In the Wigan Case (1 O'M. & H., 188; 21 L. T., n.s., 122) it was proved that some months before the election a subagent of a political association of which the respondent was a member, and to the funds of which he subscribed, was guilty of a corrupt act. It was held that there was no such privity between the respondent and the association as would avoid the election.

The Harwich Case (3 O'M. & H., 69; 44 L.T., n.s., 189) is an instructive one. There it was proved that a political association (1) invited the respondent to contest the seat; (2) its committee considered and revised his election address; (3) it met during the election from time to time at rooms for which the respondent paid; and (4) several of its leading members attended him in his canvass. It was suggested that one of the latter had been guilty of bribery, and the question of the relation established between the respondent and the association became material.
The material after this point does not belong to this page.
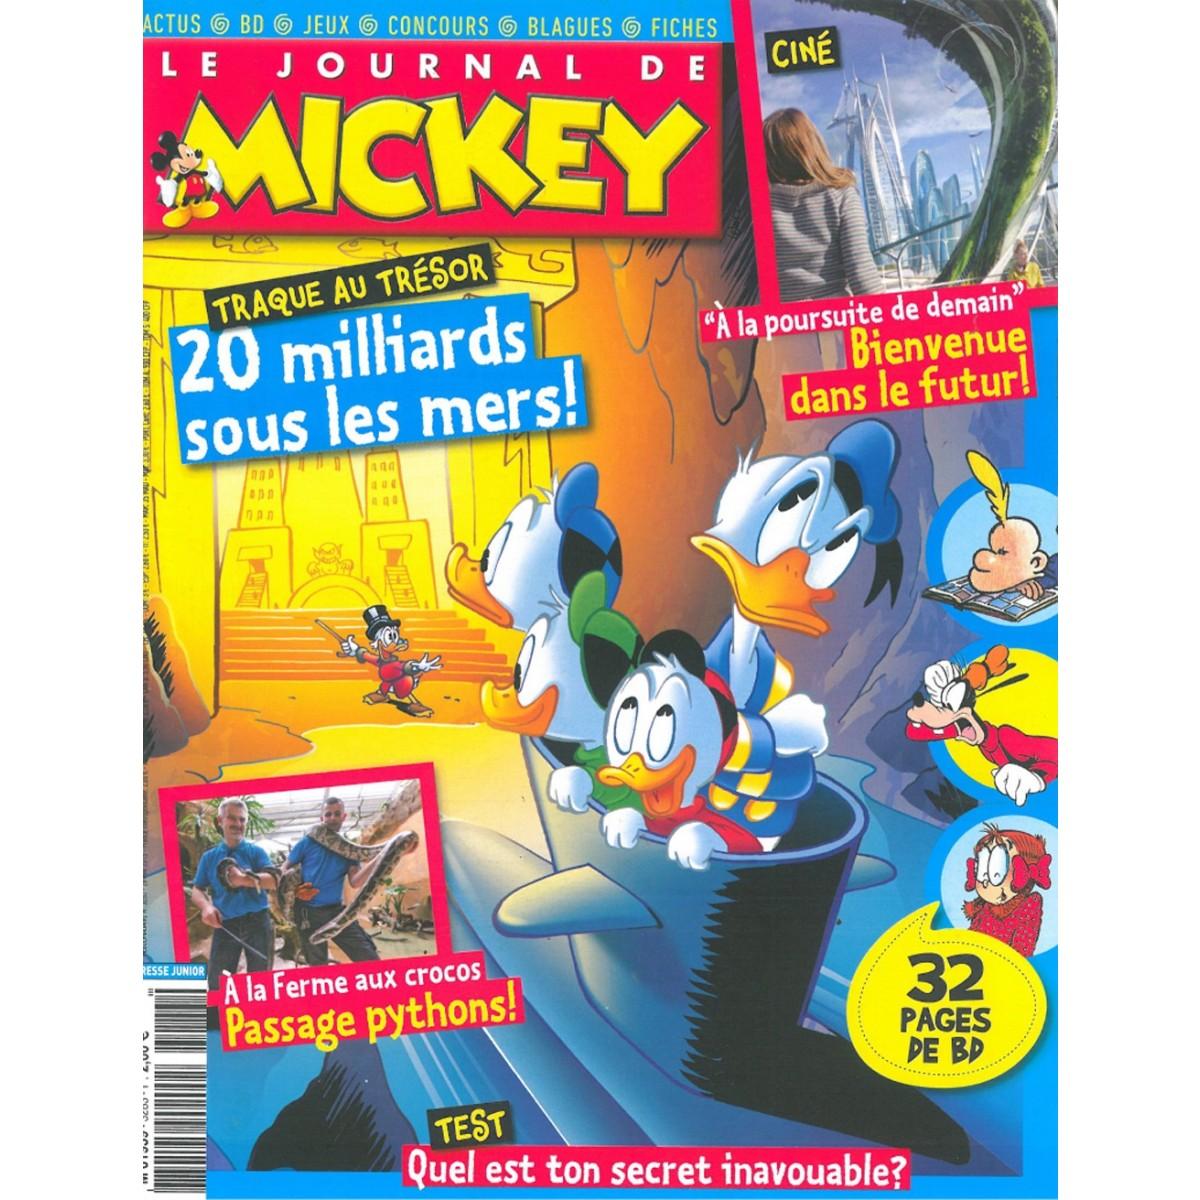 Abonnement magazine le journal de mickey sur mag24 - Jeux de cuisine de mickey ...

The Court held that the facts above stated afforded primâ facie evidence of the agency of the association, but upon the respondent proving that at the outset of the contest he bonâ fide declared his determination to canvass the constituency personally without the aid of committees, and announced that determination, the ultimate decision was that the proof of agency failed. This case is an authority for the proposition that a candidate can protect himself against the misdeeds of persons whom the law would otherwise construe as his agents by taking the whole burden of the management of the election upon himself, and expressly forbidding all other persons to take any part in it upon his behalf.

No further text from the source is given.